Task objective:
Set down precisely the lines from the line with "Dalmore 1990 Vintage" through the end of the material, inclusive, and no pictures.

Records for this exercise: Begin

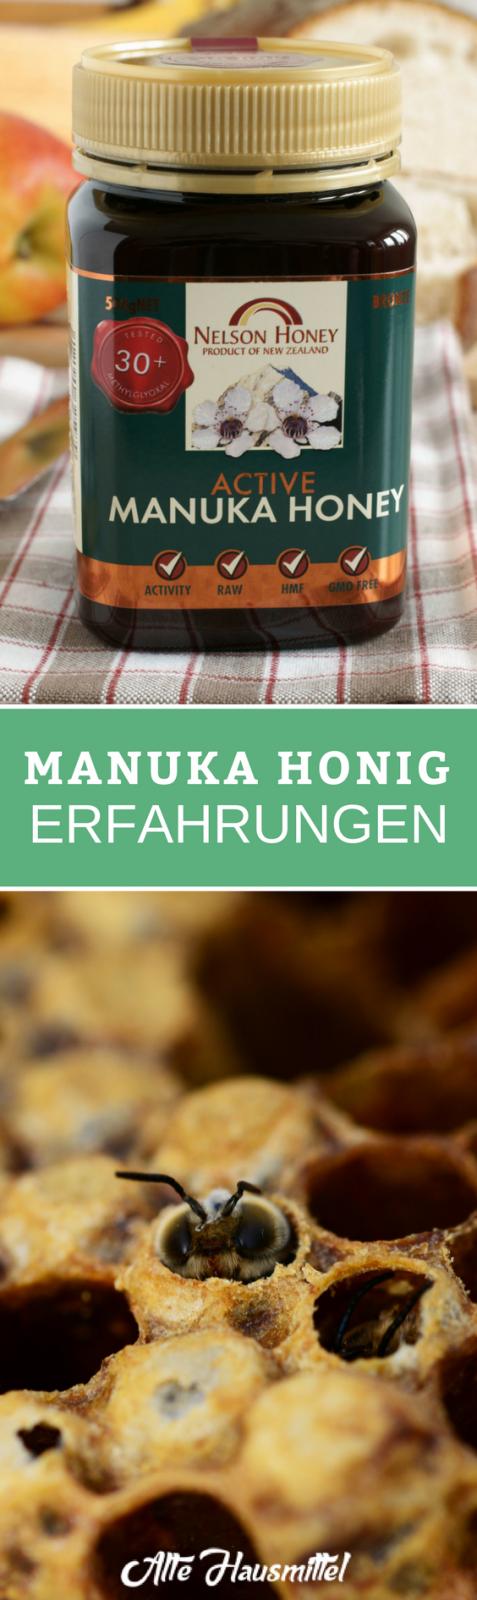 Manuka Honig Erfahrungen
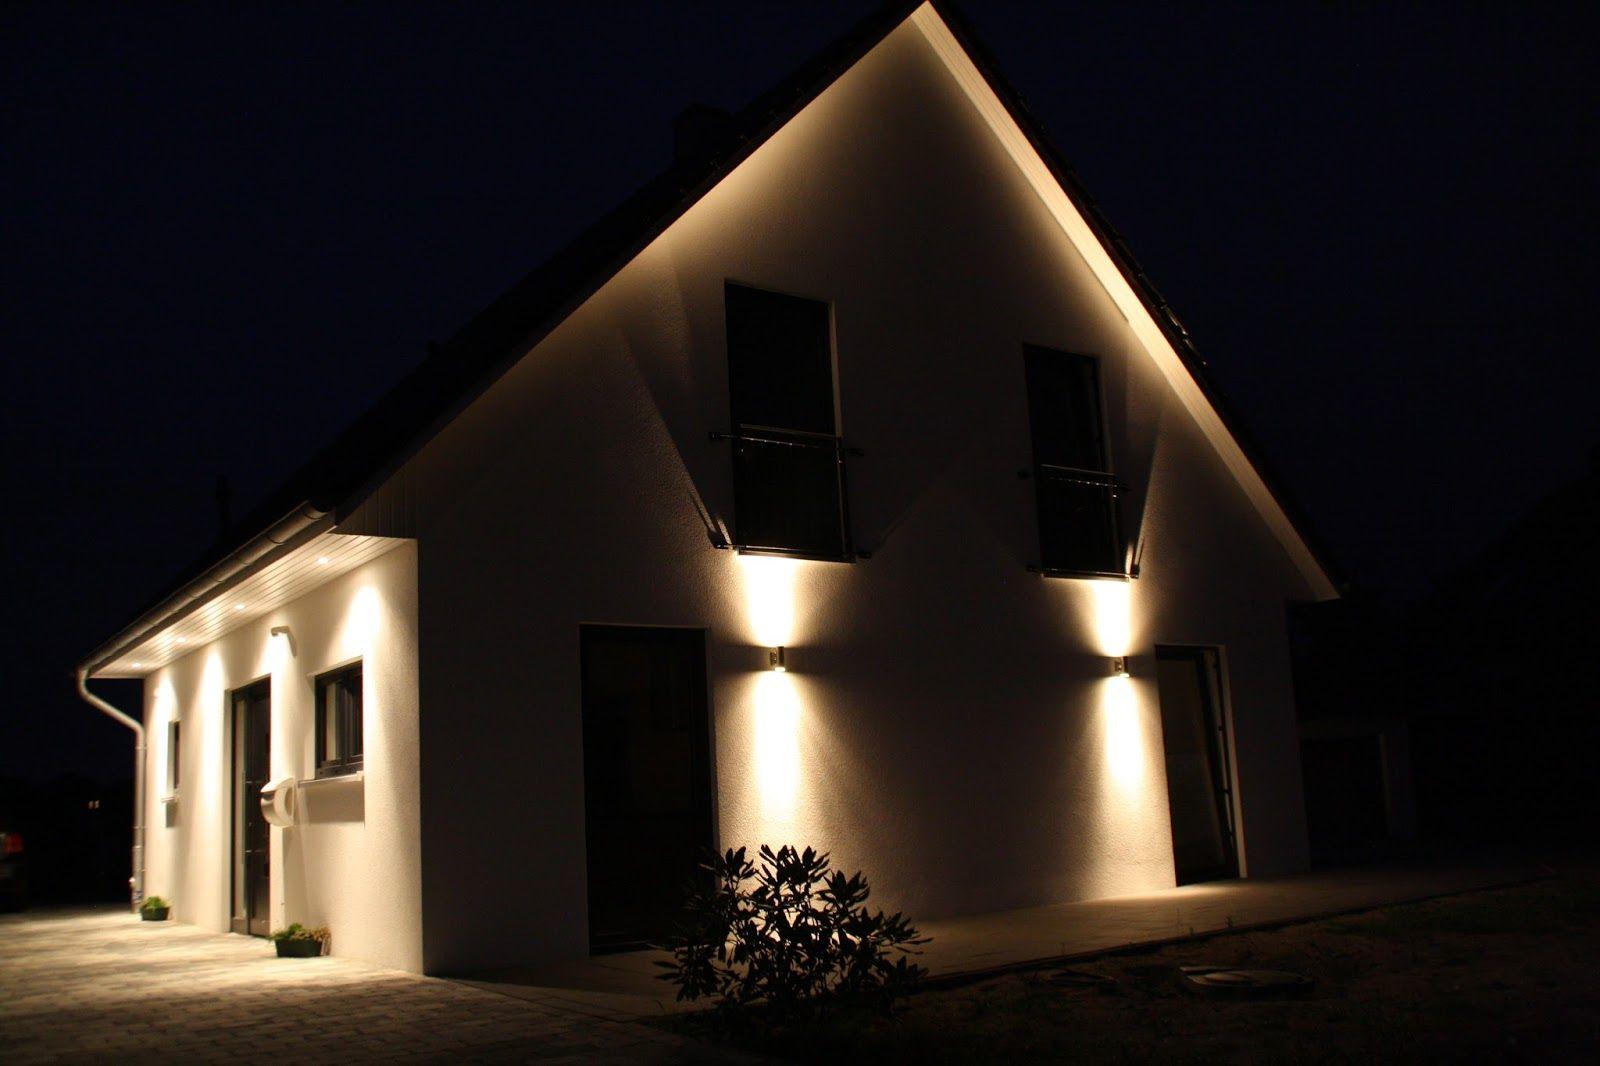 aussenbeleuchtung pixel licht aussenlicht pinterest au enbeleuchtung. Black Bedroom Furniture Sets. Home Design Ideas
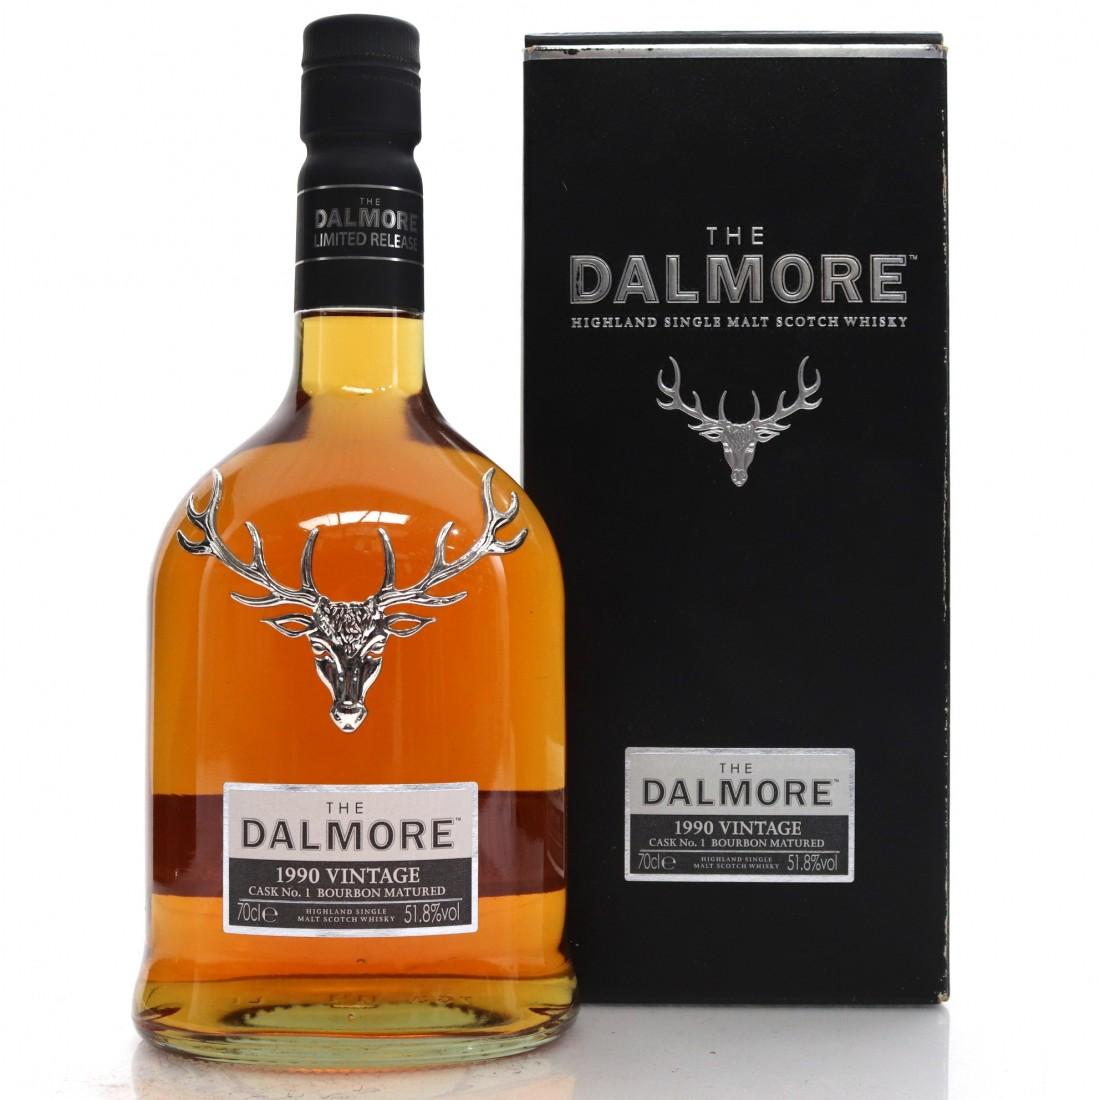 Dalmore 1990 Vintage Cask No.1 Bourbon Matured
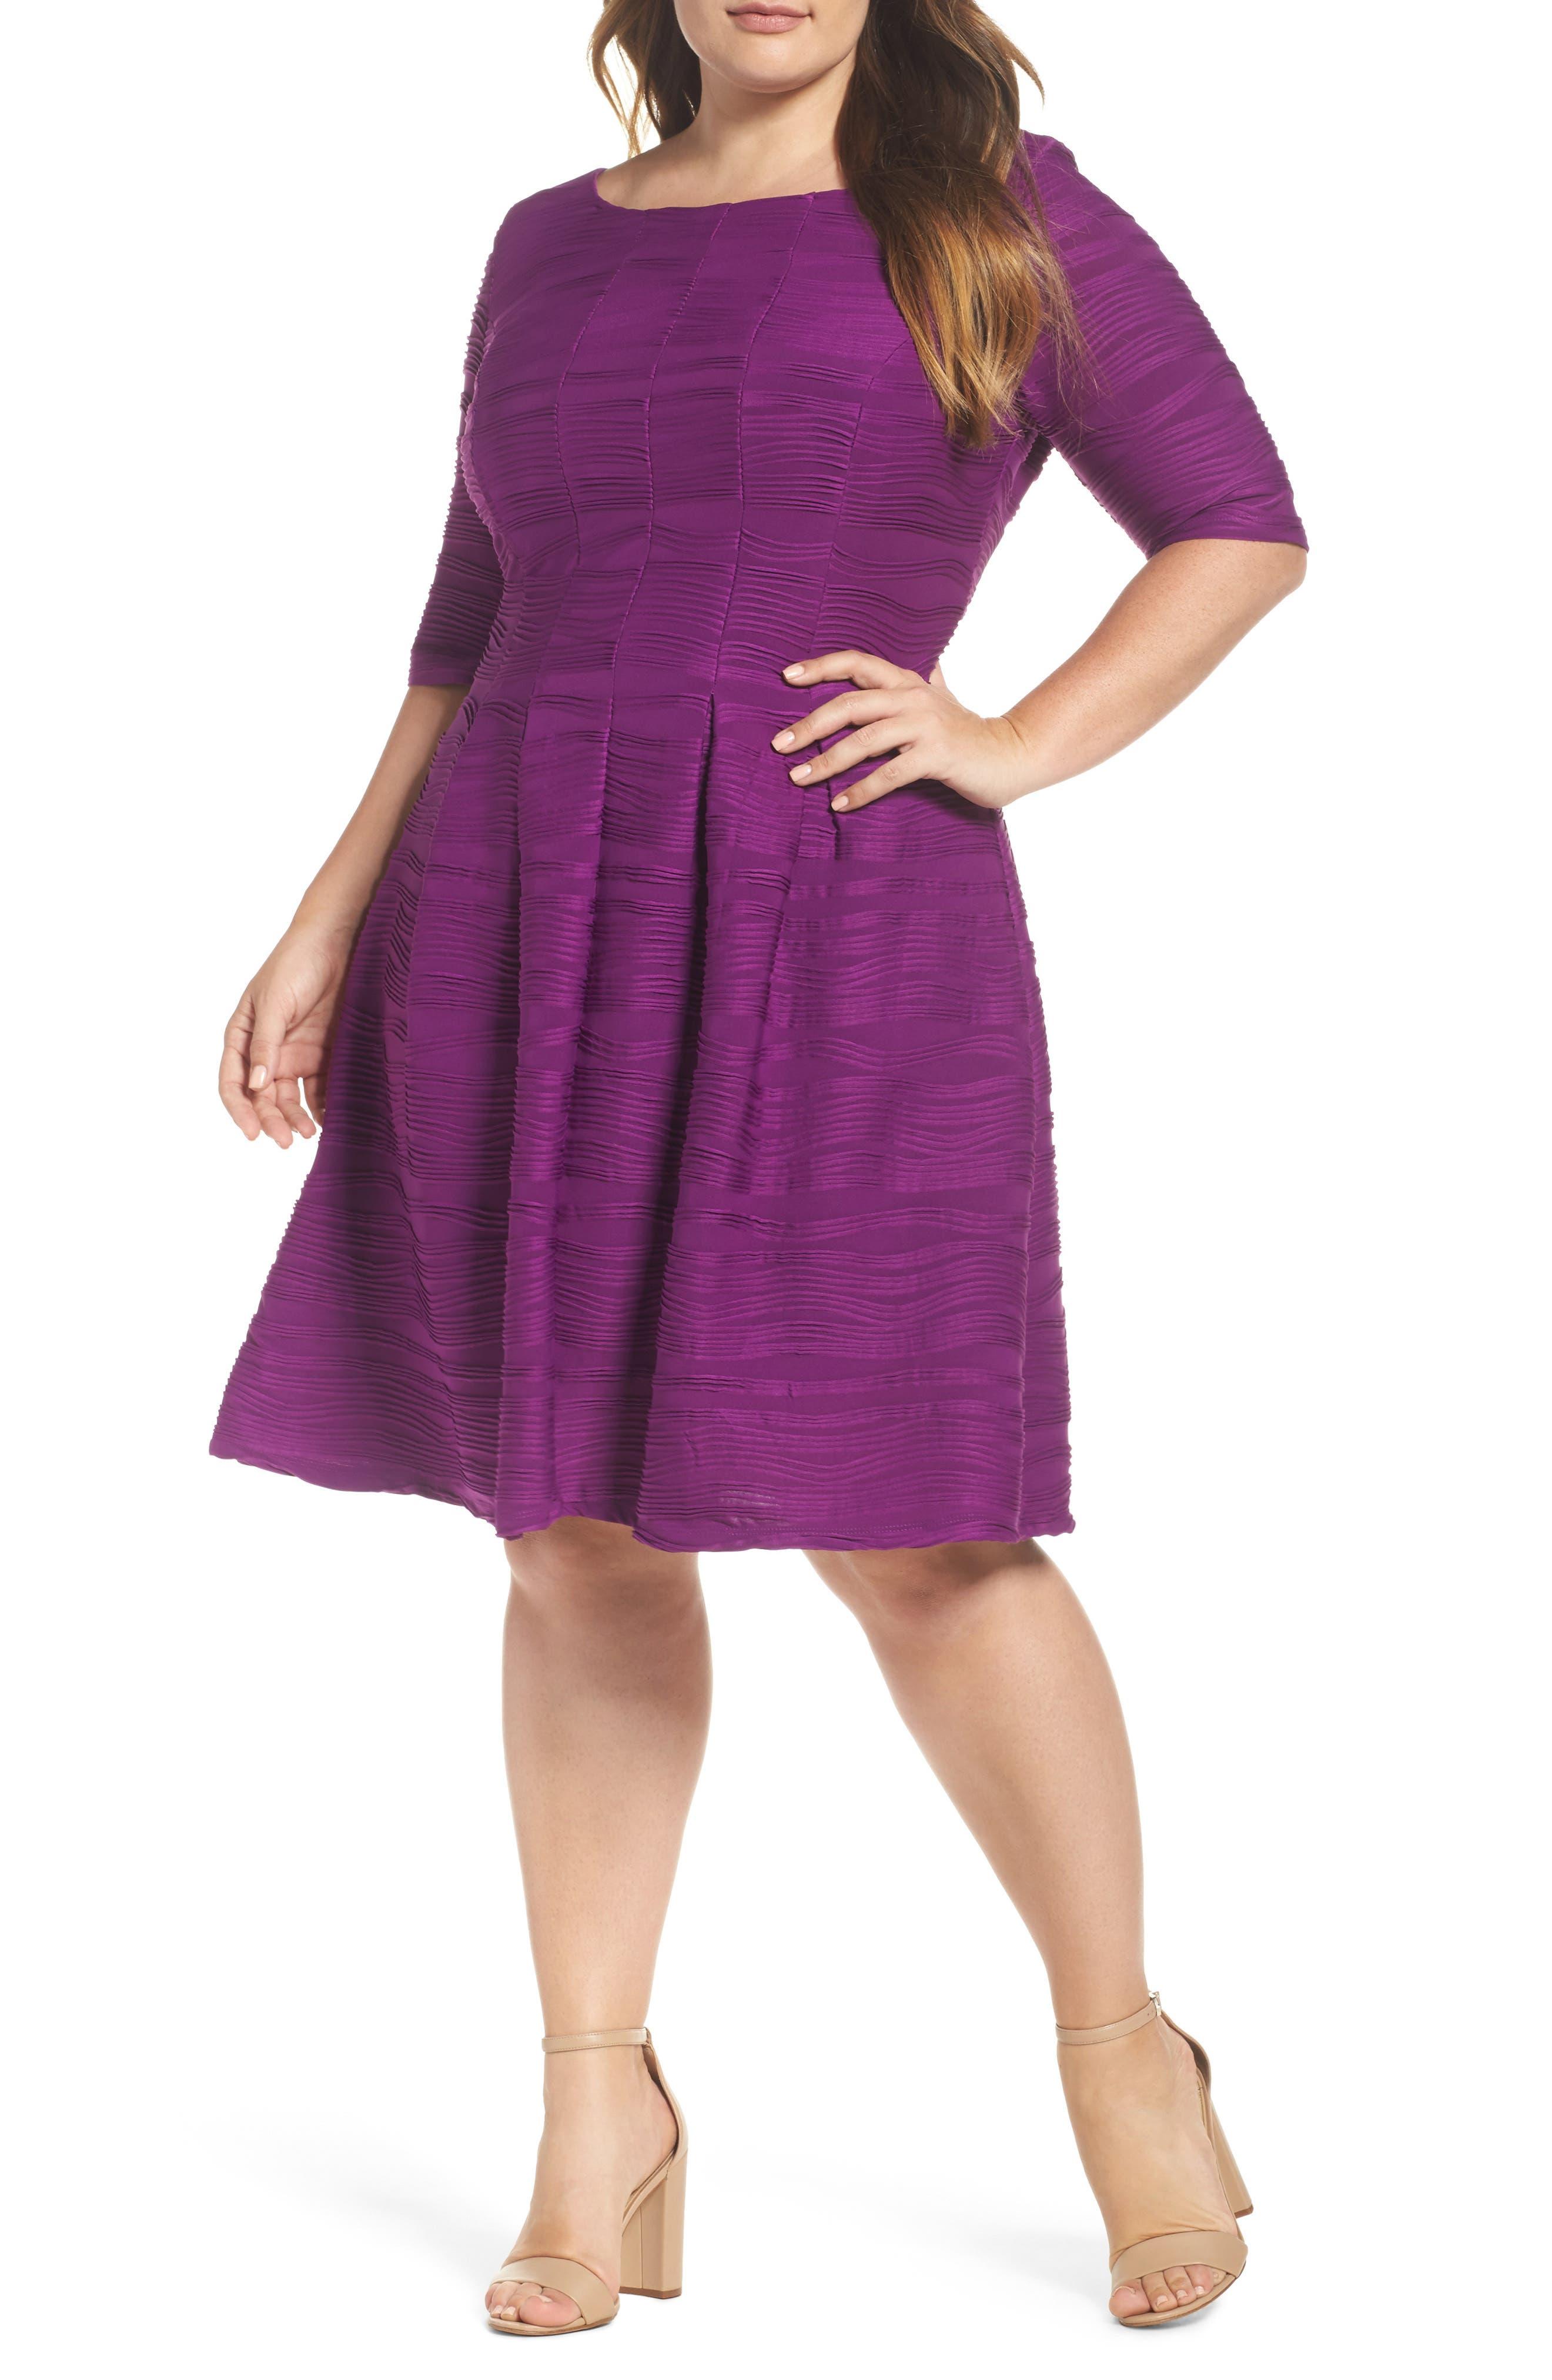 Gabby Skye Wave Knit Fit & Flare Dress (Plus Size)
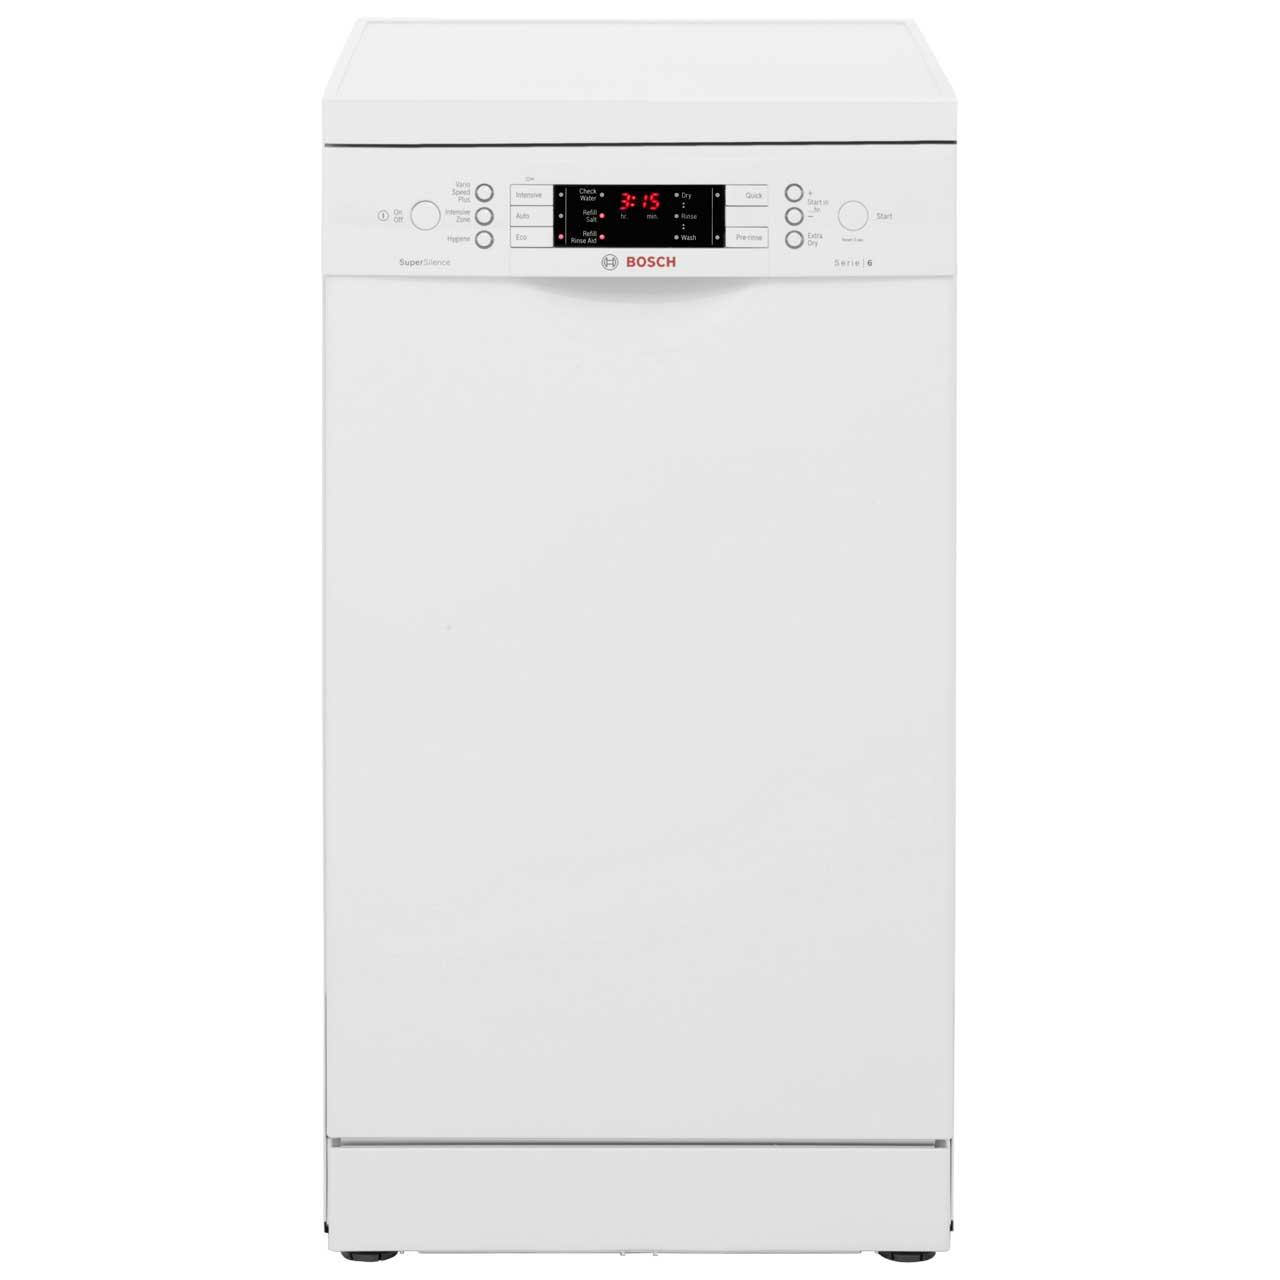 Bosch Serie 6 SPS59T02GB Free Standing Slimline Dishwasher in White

Records for this exercise: End

Written response:
 Dalmore 1990 Vintage Cask No.1 Bourbon Matured
 Gabby Skye Wave Knit Fit & Flare Dress (Plus Size)
 Bosch Serie 6 SPS59T02GB Free Standing Slimline Dishwasher in White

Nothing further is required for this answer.